横断歩道の手前でじゃれ合うわたしたちを他の生徒達が追い抜いていく。青に変わったはずの信号は気付けばもう点滅して、まだ今なら渡れるかもしれないとわたし達を急かす。ロールプレイの顔から一瞬だけ真顔に戻った彼女がくるりと信号に背を向ける。
「アンタもどうせヒマでしょ? ちょっと付き合いなさいよ」
よかった、そう言いかけたのを飲み込んで「ええ」とだけ返す。
* * *
「お待たせしました。フルーツパフェ大盛りスペシャルデラックスです」
彼女は確かにコーヒーが飲みたいと言っていたはずだったけど、気付けばわたし達の間には巨大なパフェが鎮座していた。キラキラした瞳でパフェを眺めながら彼女が言う。

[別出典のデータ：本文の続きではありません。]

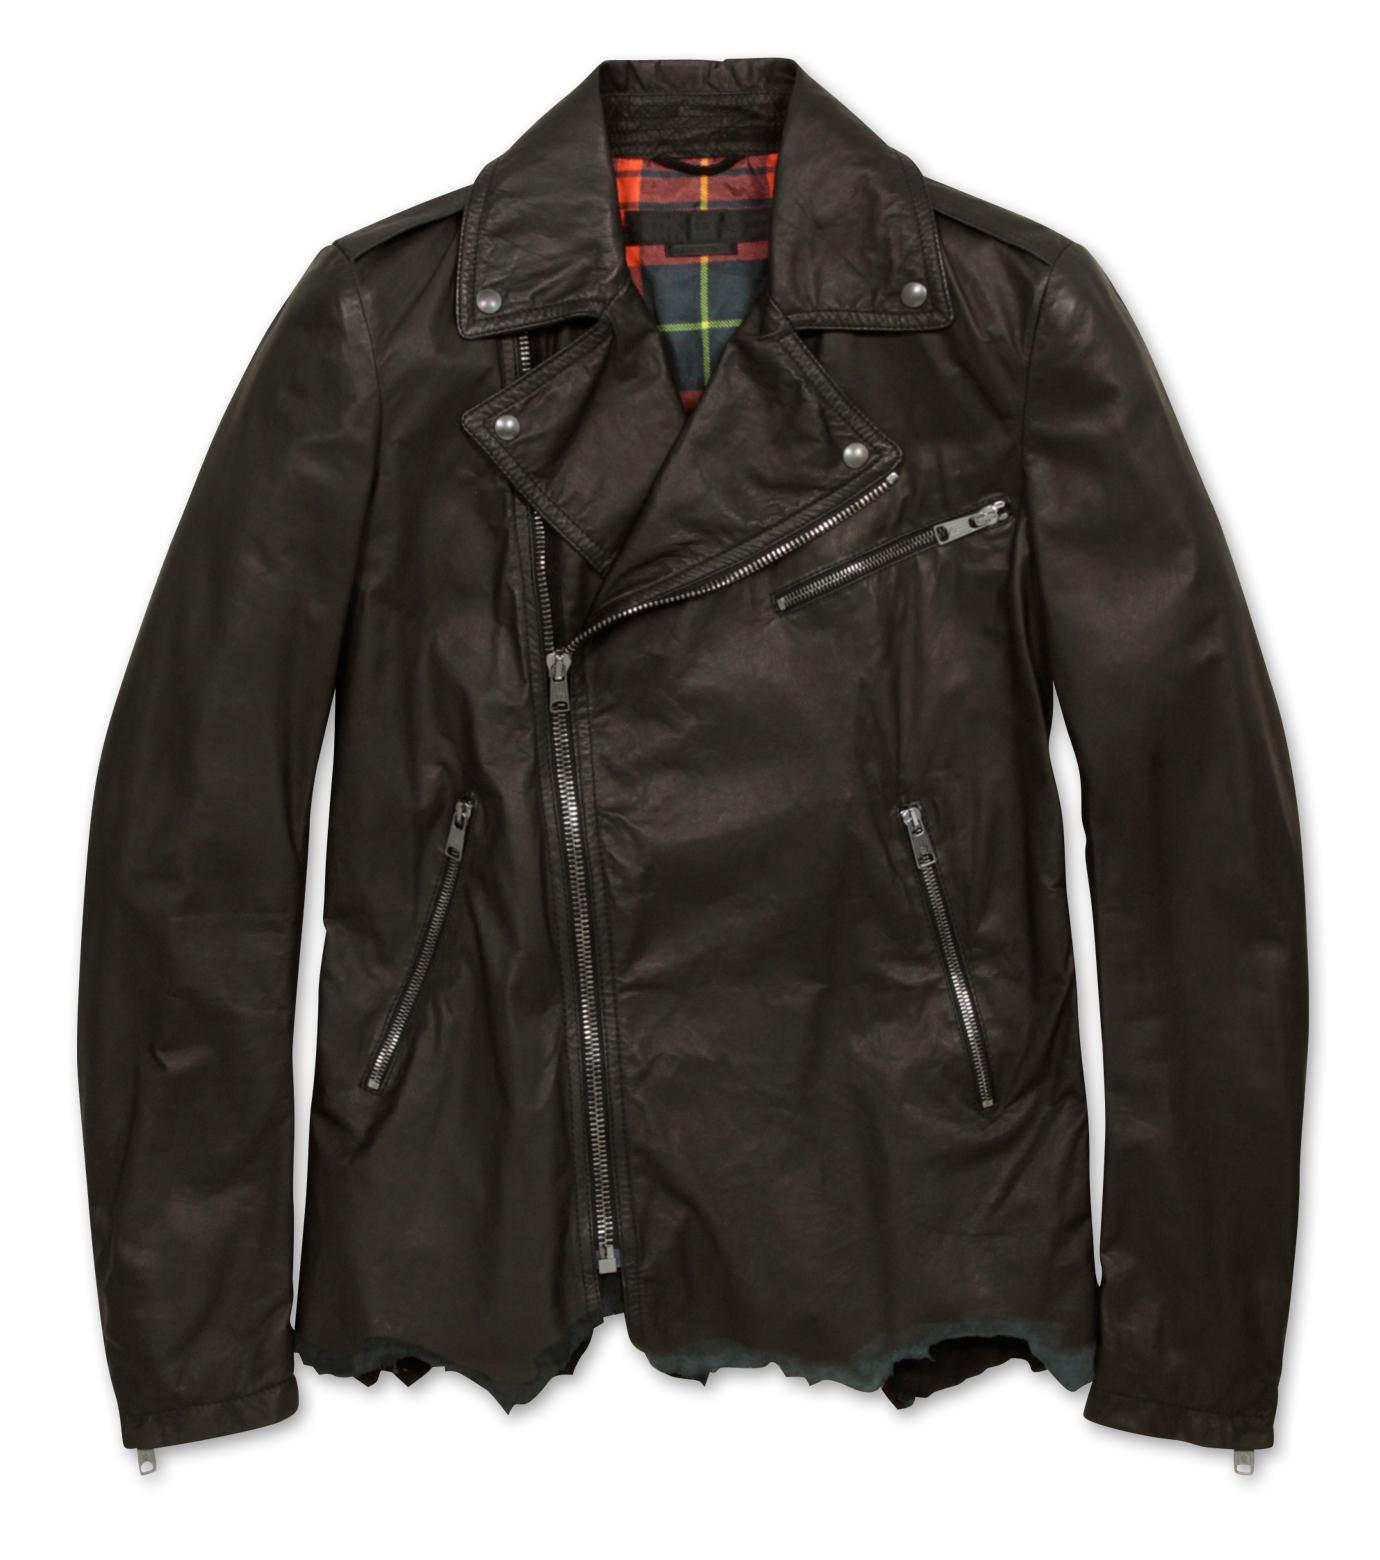 Alexander McQueen(アレキサンダーマックイーン)のCheck Riders-BLACK-261775 拡大詳細画像1

「ここのパフェの一番大きいの、いっぺん見てみたかったのよね」
確かに、クラスメイトから噂に聞くことはあっても現物を見るのはわたしも初めてだった。特大のパフェグラスを色とりどりのフルーツがきらびやかに彩る様子は圧巻だったし、華の女子高生が一人で食べるには流石に危険すぎるボリュームなのは明らかだった。彼女が二人分のスプーンをもらっていたのはそういうことだろう、と目の前のスプーンを見て思う。
写真をひととおり撮り終えた彼女がスプーンをパフェに伸ばしかける。このままだと本当にパフェを二人でシェアして終わってしまいそうで、慌てて「ねえ」と呼び止める。
「なに? アンタも写真撮るの?」
そうじゃなくて。続きを言葉にするか少し迷う。いつものわたしなら彼女に任せるだろう。だけど。自分の違和感を止められなくて、そして今なら彼女も答えてくれそうで、わたしは能面を剥がした。
「話、あるんじゃないの」
瞳のキラキラを収めた彼女が大きな溜息をつく。彼女がわたしのことをじっと見つめ返して、自分が彼女をそんなに見つめていたかと気付く。

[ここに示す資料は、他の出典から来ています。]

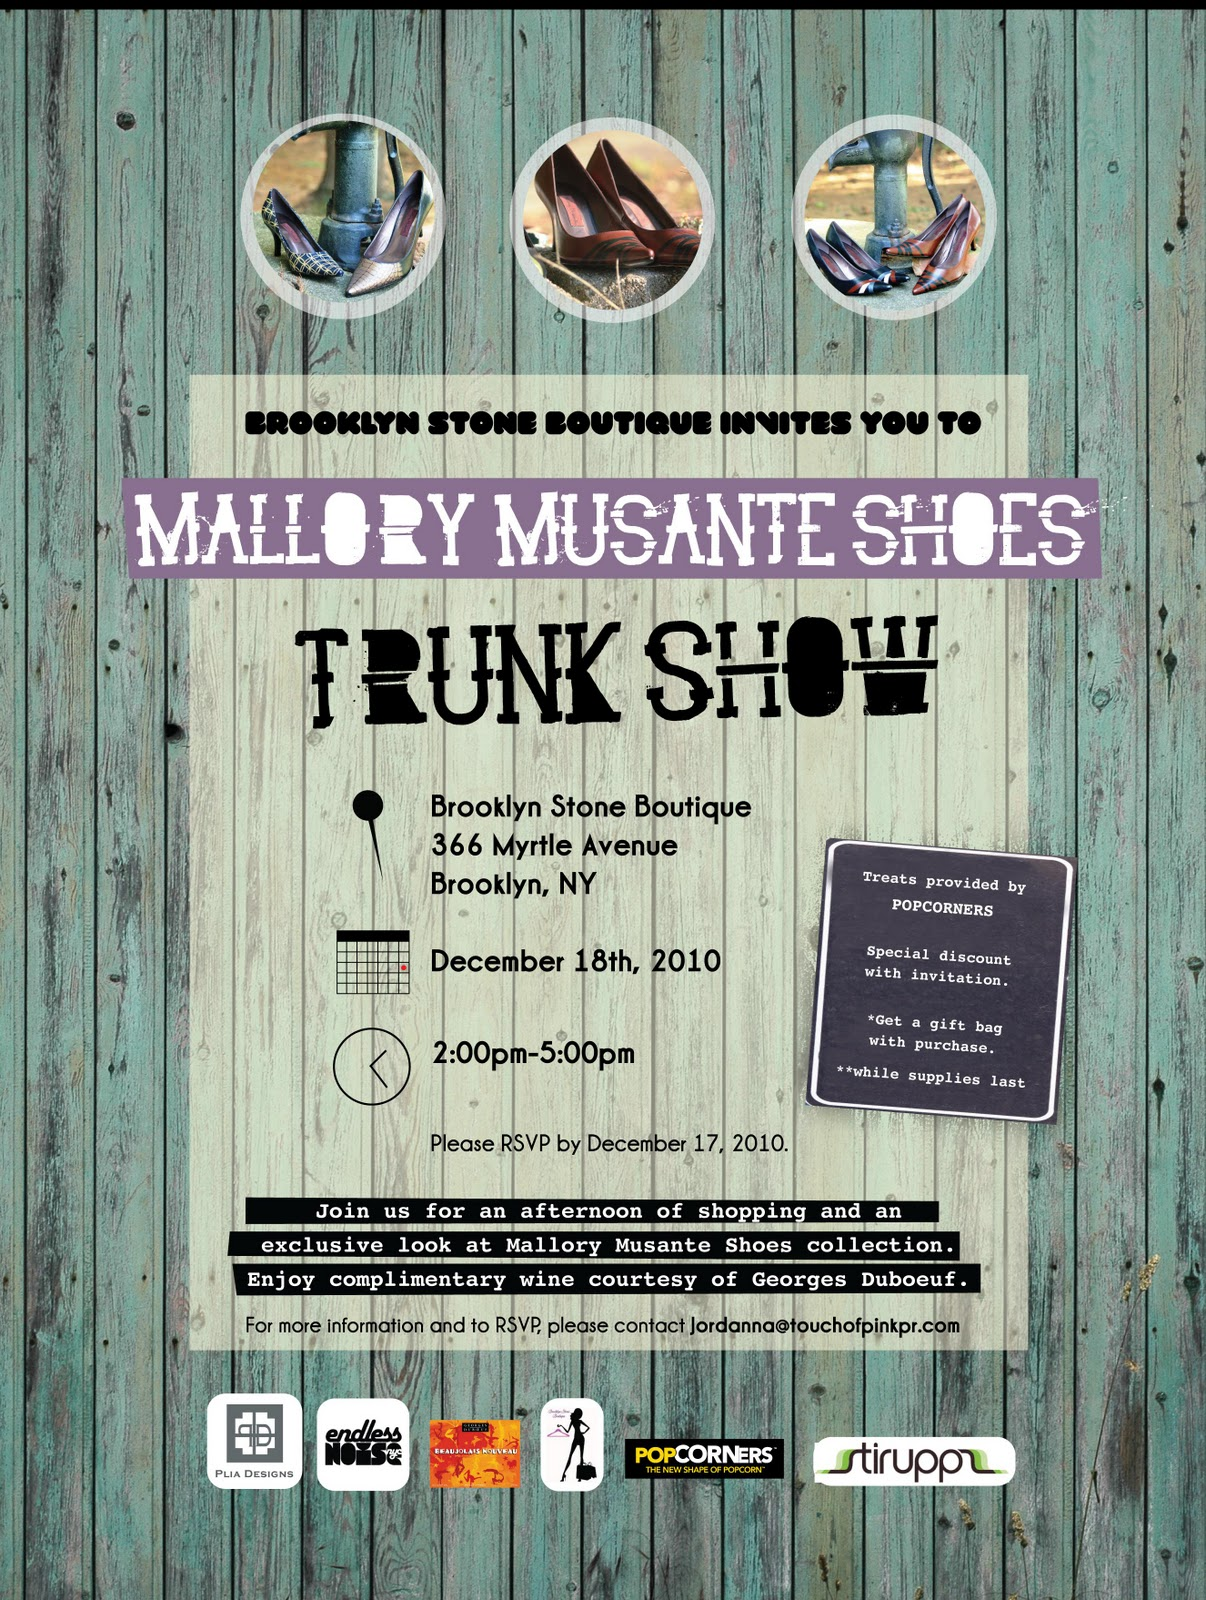 http://3.bp.blogspot.com/_pkt-6dhTSn4/TQj78iFMSuI/AAAAAAAABw8/WAScdtoTMoU/s1600/mmshoes_trunk_show_invite.JPG

「アンタに気を遣われるなんて、今日のアタシは不調ね」
「そうかも」
5秒、10秒。じっと見つめ合ったところで、彼女の方が降参、と音を上げた。
「そうよ。アンタに話がしたかったの。気を遣わせて悪かったわね」
でもそれはそれとしてパフェは食べるわよ、とスプーンを大袈裟に構えるポーズを取る彼女に、スプーンを手に取ることで返事をする。彼女の話の尻尾は捕まえたけど、このままではパフェを取り逃がしてしまう。
* * *
パフェを最初に見た瞬間はあんなに巨大に見えたけれど、二人がかりで挑んでしまえば存外あっけない最後だった。一切れしかないメロンを譲ってもらった代わりに最後のコーンフレークを引き受けることになって、彼女が頼んだはずのパフェの器はいまわたしの目の前にあった。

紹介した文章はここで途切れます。